═════ MATERIAL PROVIDED ═════

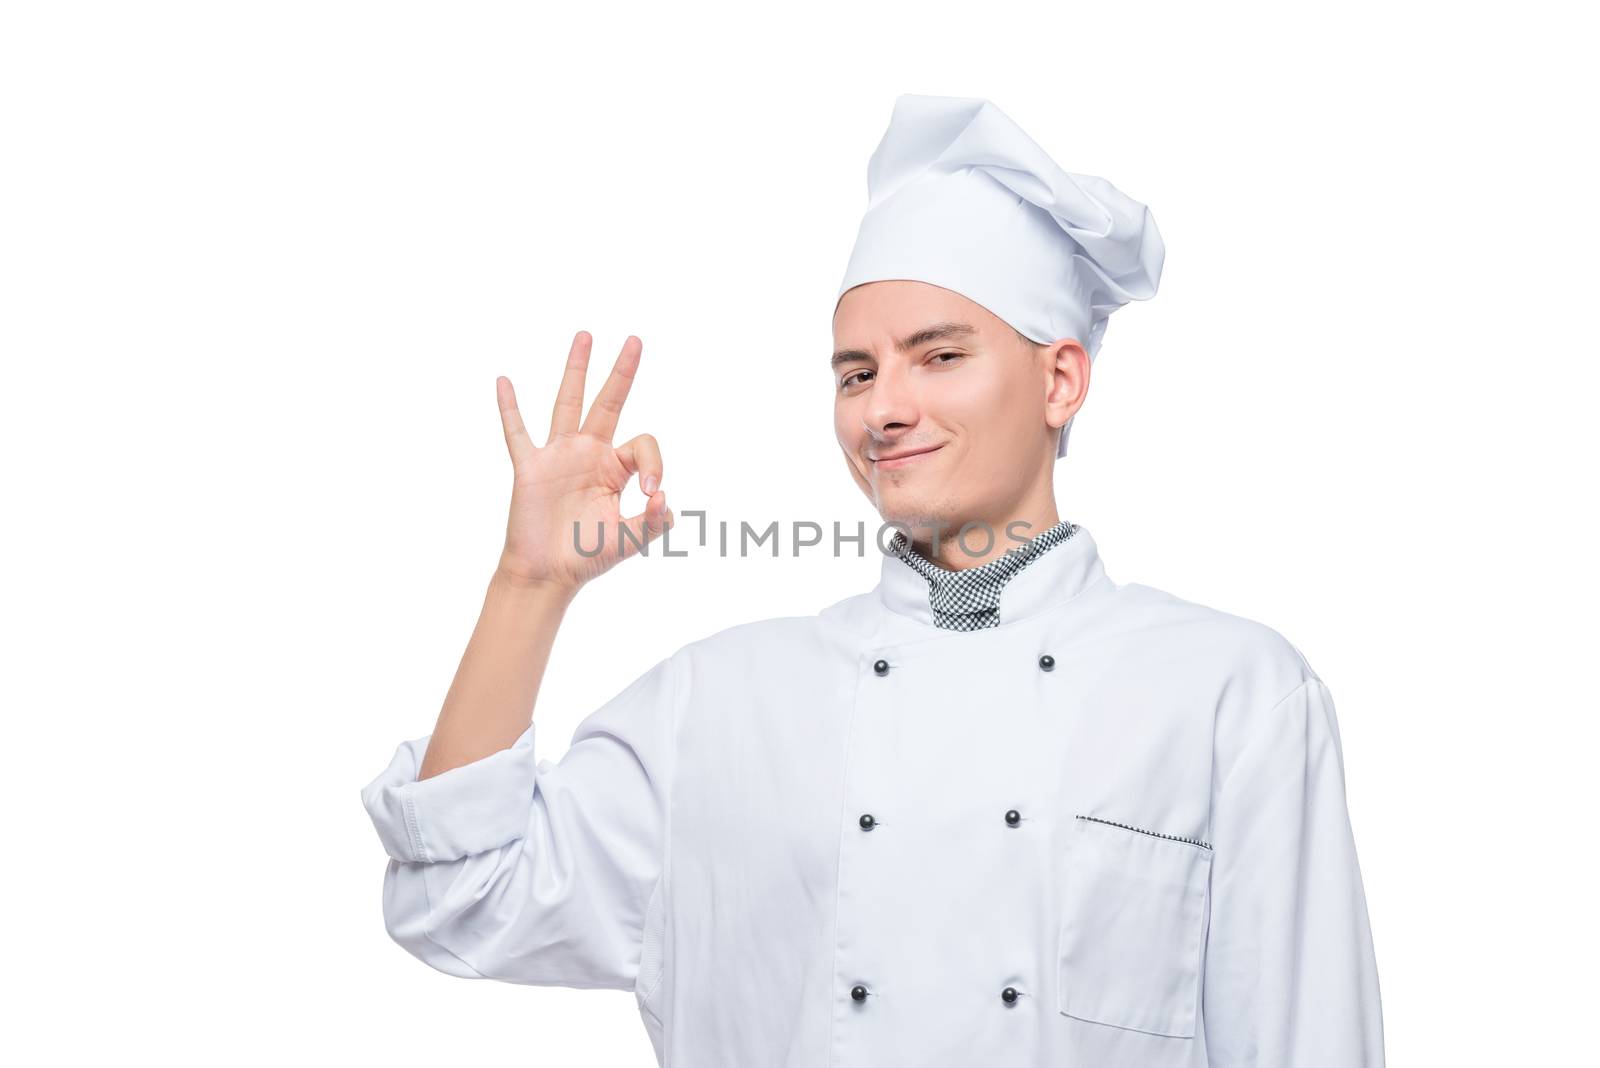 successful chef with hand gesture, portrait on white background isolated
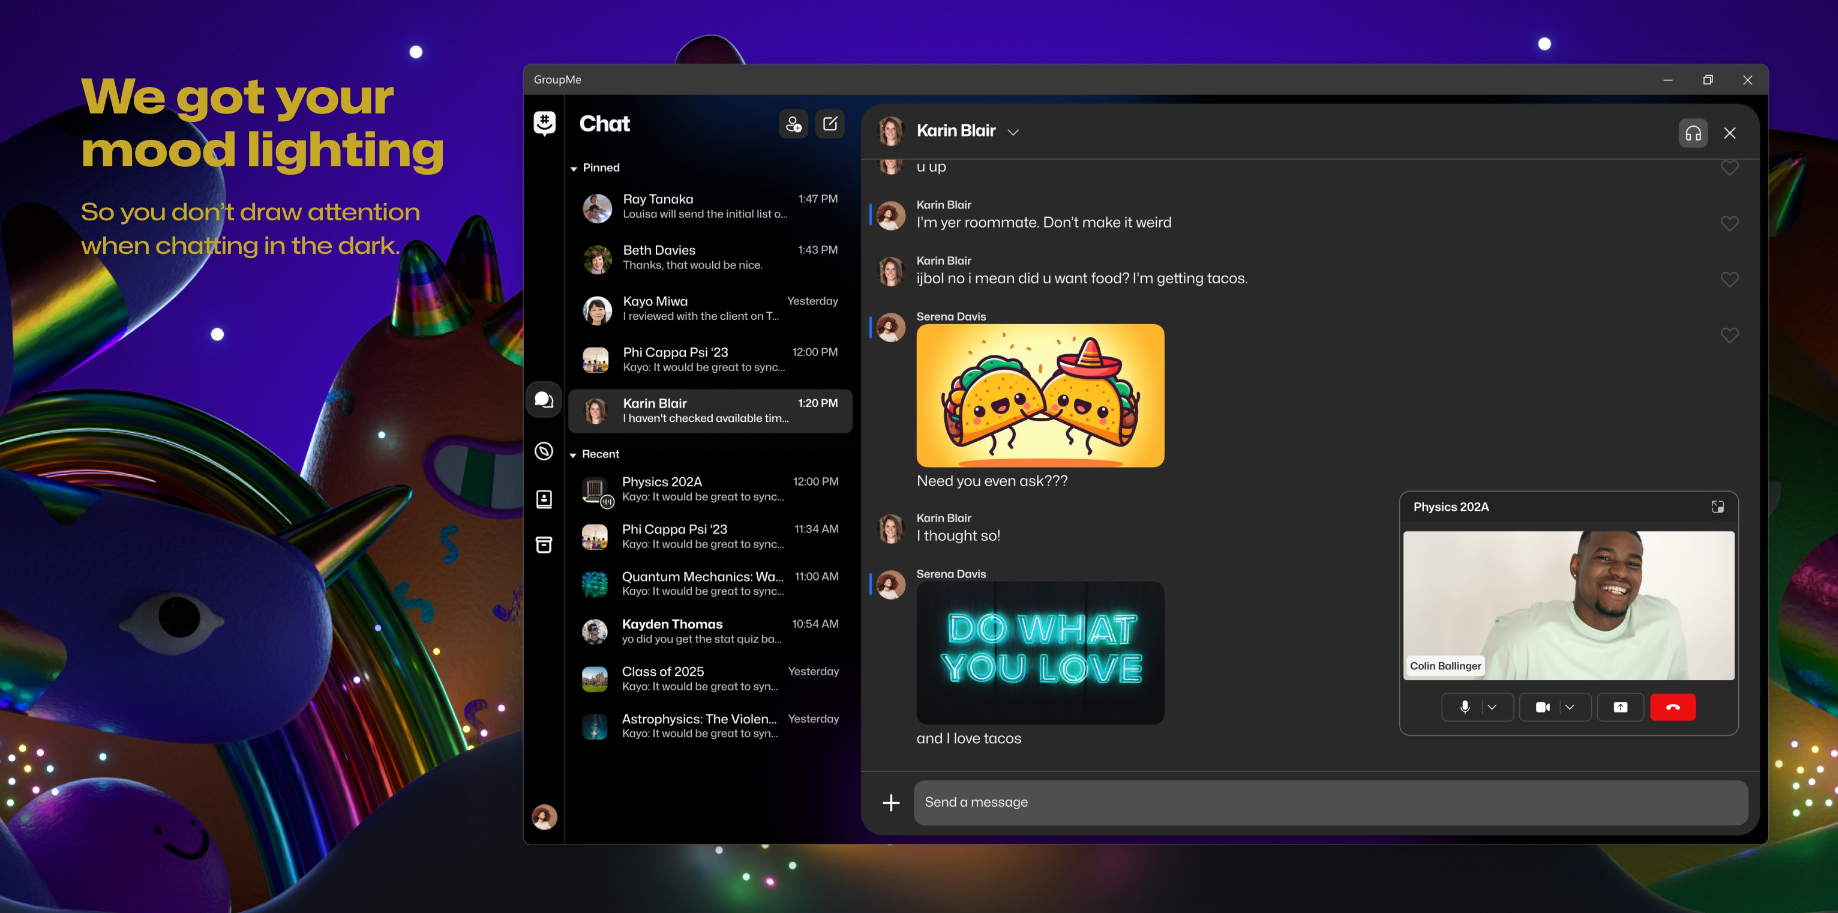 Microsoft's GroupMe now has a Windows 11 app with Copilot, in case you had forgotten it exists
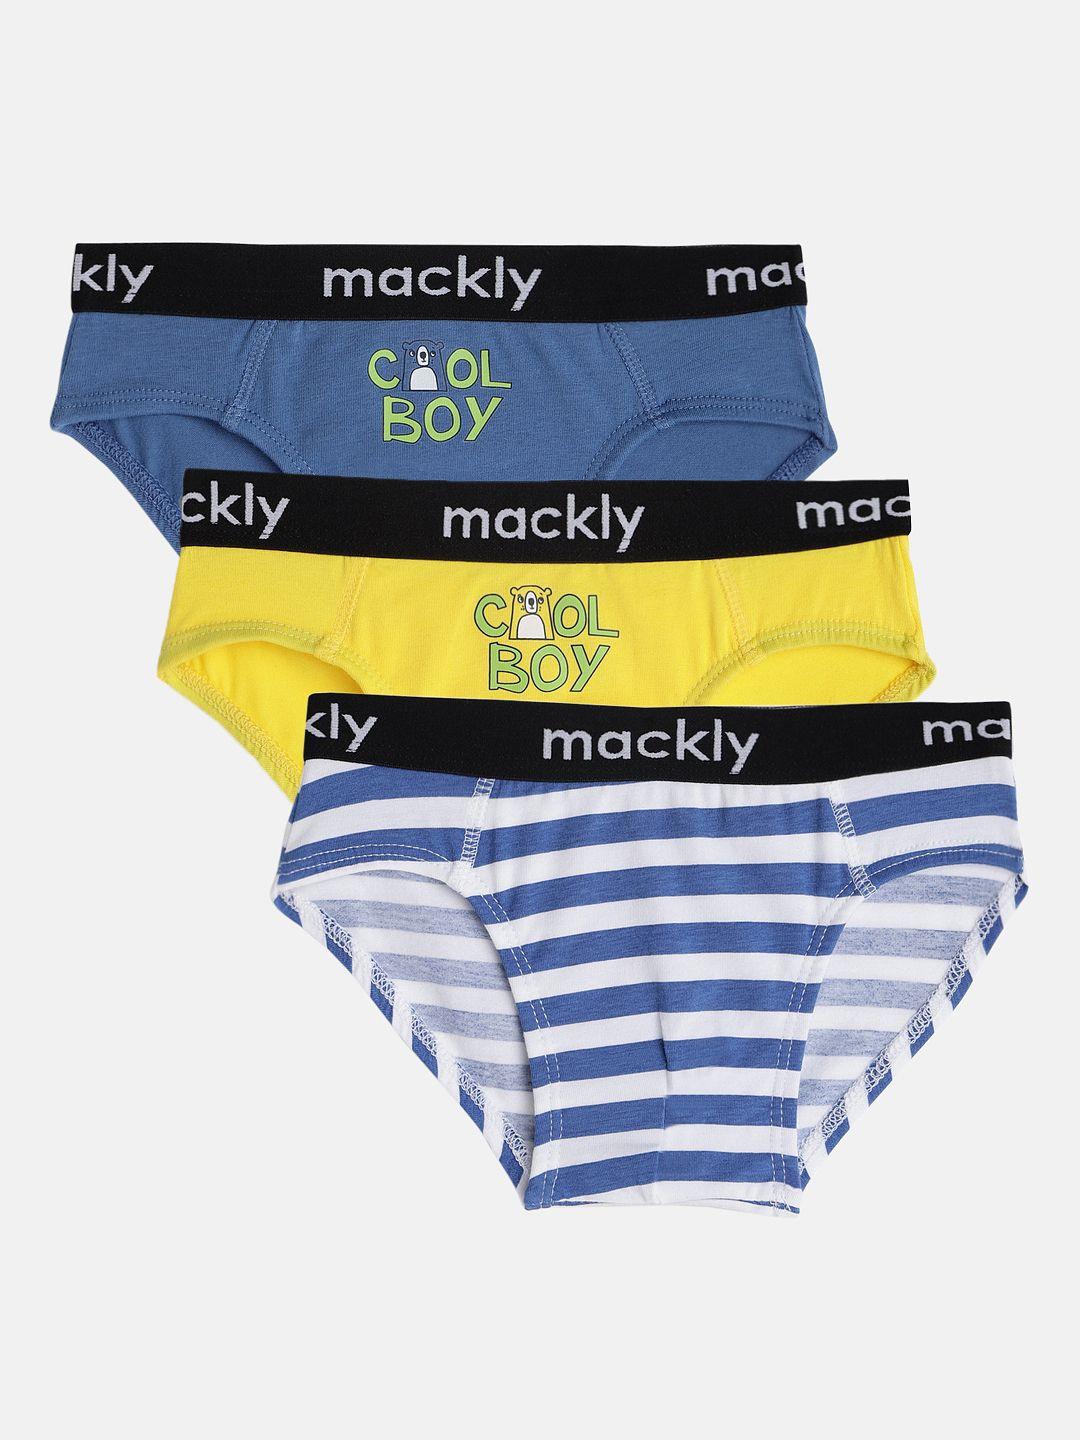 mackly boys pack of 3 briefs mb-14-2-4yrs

═════

▶ **WHAT YOU ARE ASKED TO DO**: Retype only the lines from the line with "Microsoft's GroupMe now" through the last line of the data. Keep both ends and skip the pictures.

▶ **RESULT OF THIS TASK**:
 Microsoft's GroupMe now has a Windows 11 app with Copilot, in case you had forgotten it exists
 mackly boys pack of 3 briefs mb-14-2-4yrs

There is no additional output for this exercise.